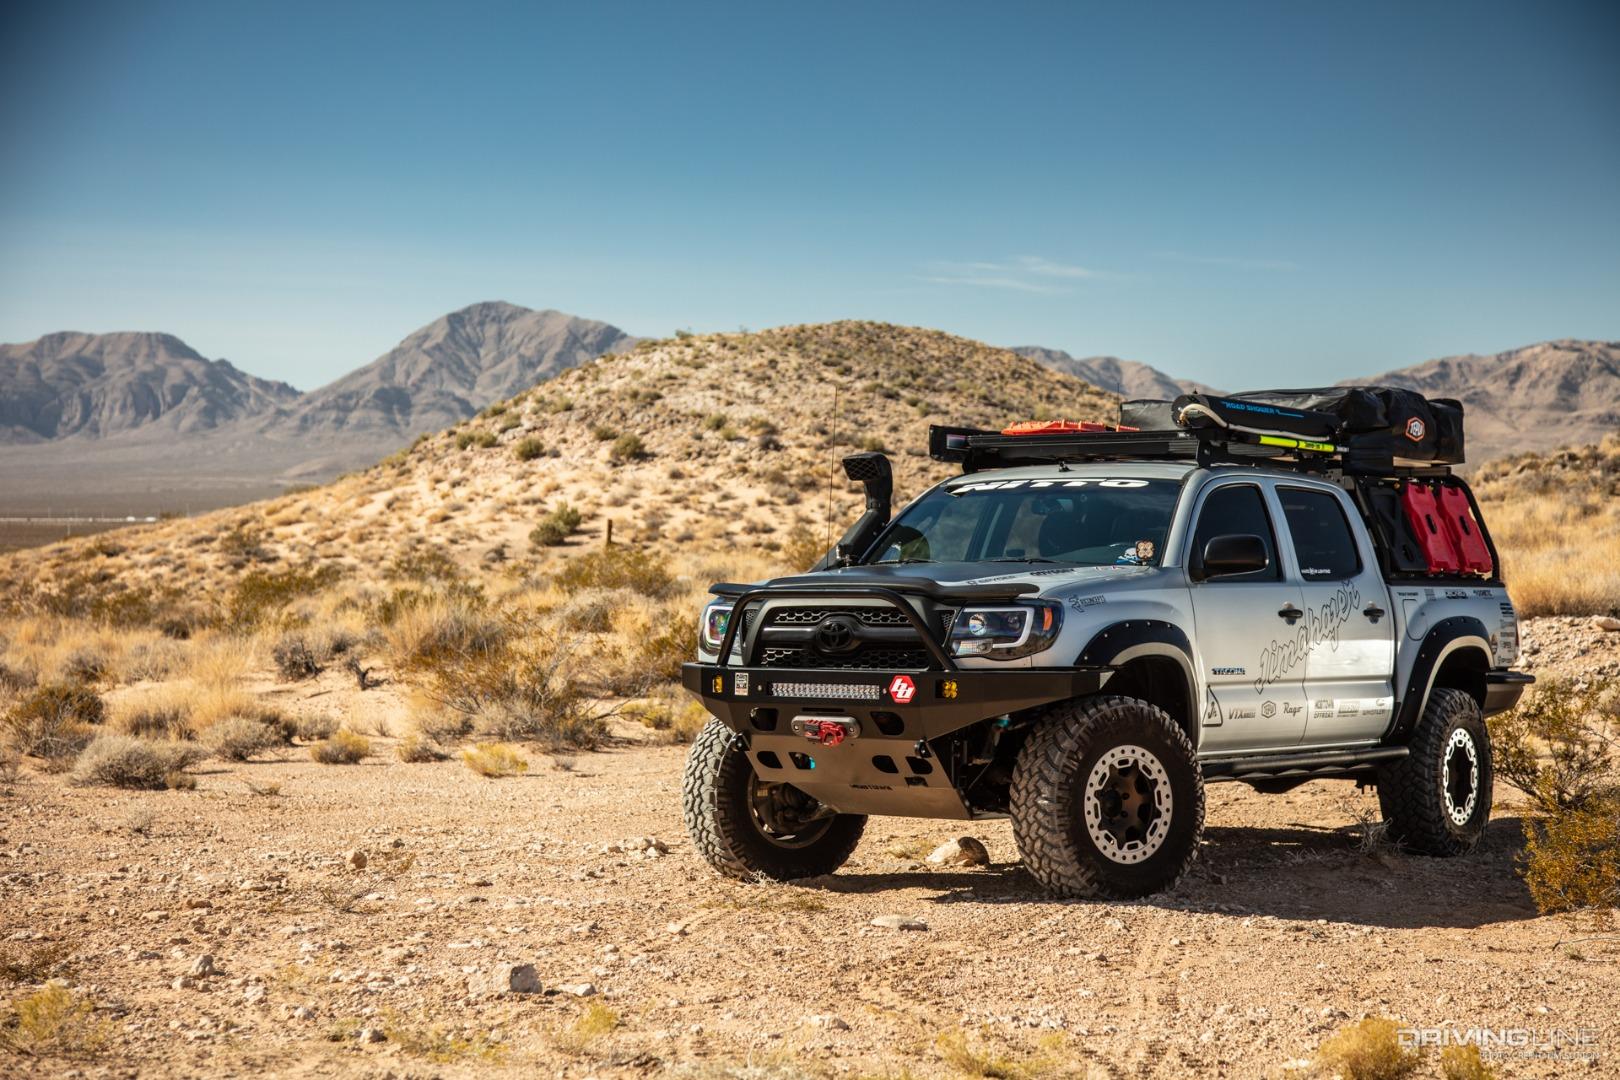 Jimahajer's Epic Overland Toyota Tacoma | DrivingLine
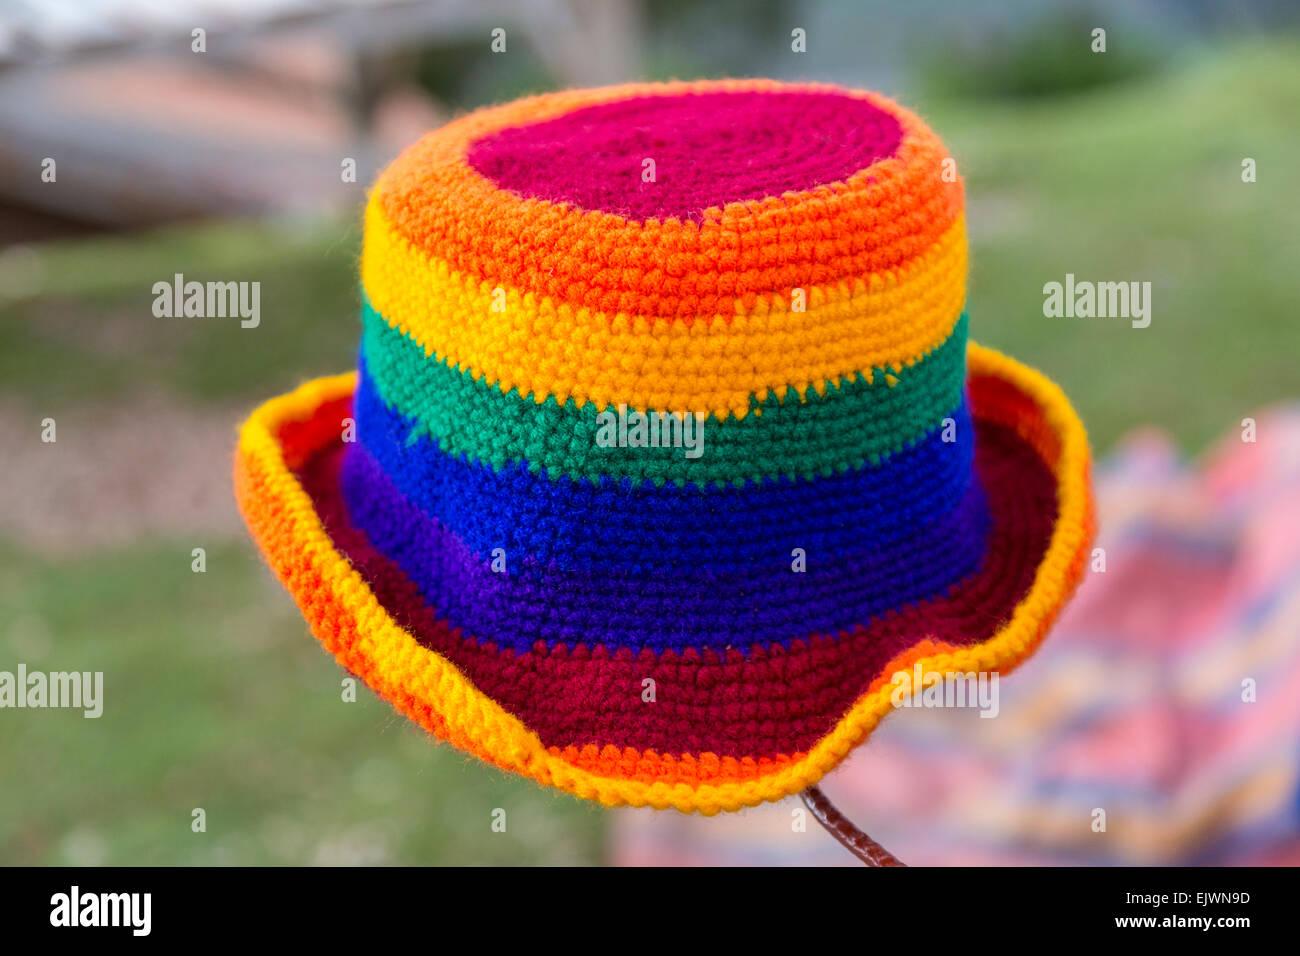 Peru, Urubamba Valley.  Peruvian Hat, Traditional Incan Rainbow Colors. - Stock Image
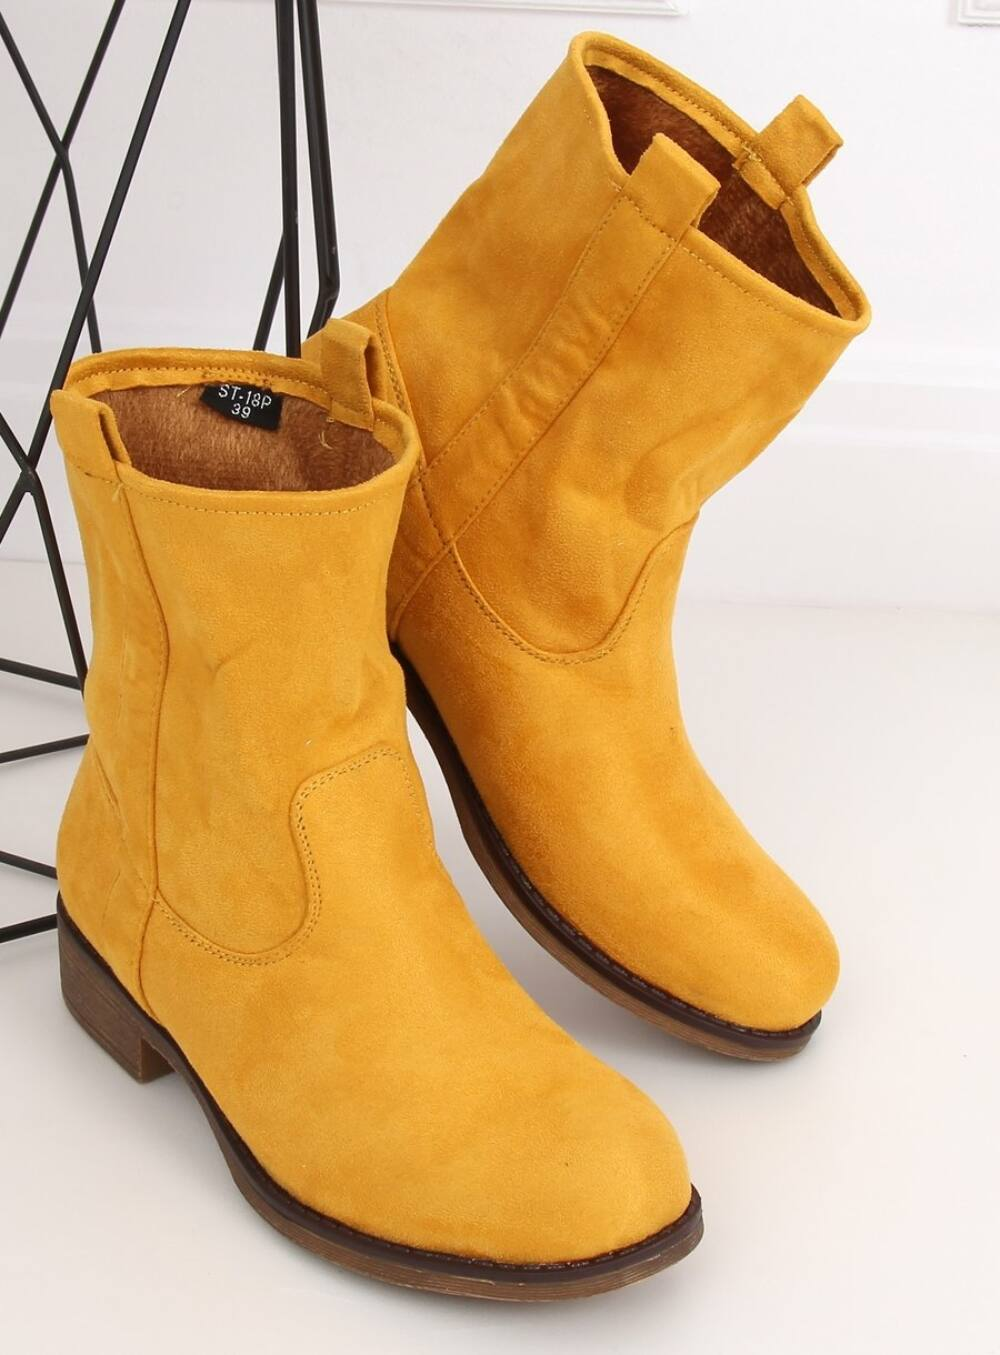 Női bokacsizma (ST-18P), sárga

What needs to be done
Would you copy all the material exactly, dropping the pictures?

Answer area
 Jimahajer's Epic Overland Toyota Tacoma | DrivingLine
 Peru, Urubamba Valley.  Peruvian Hat, Traditional Incan Rainbow Colors. - Stock Image
 Női bokacsizma (ST-18P), sárga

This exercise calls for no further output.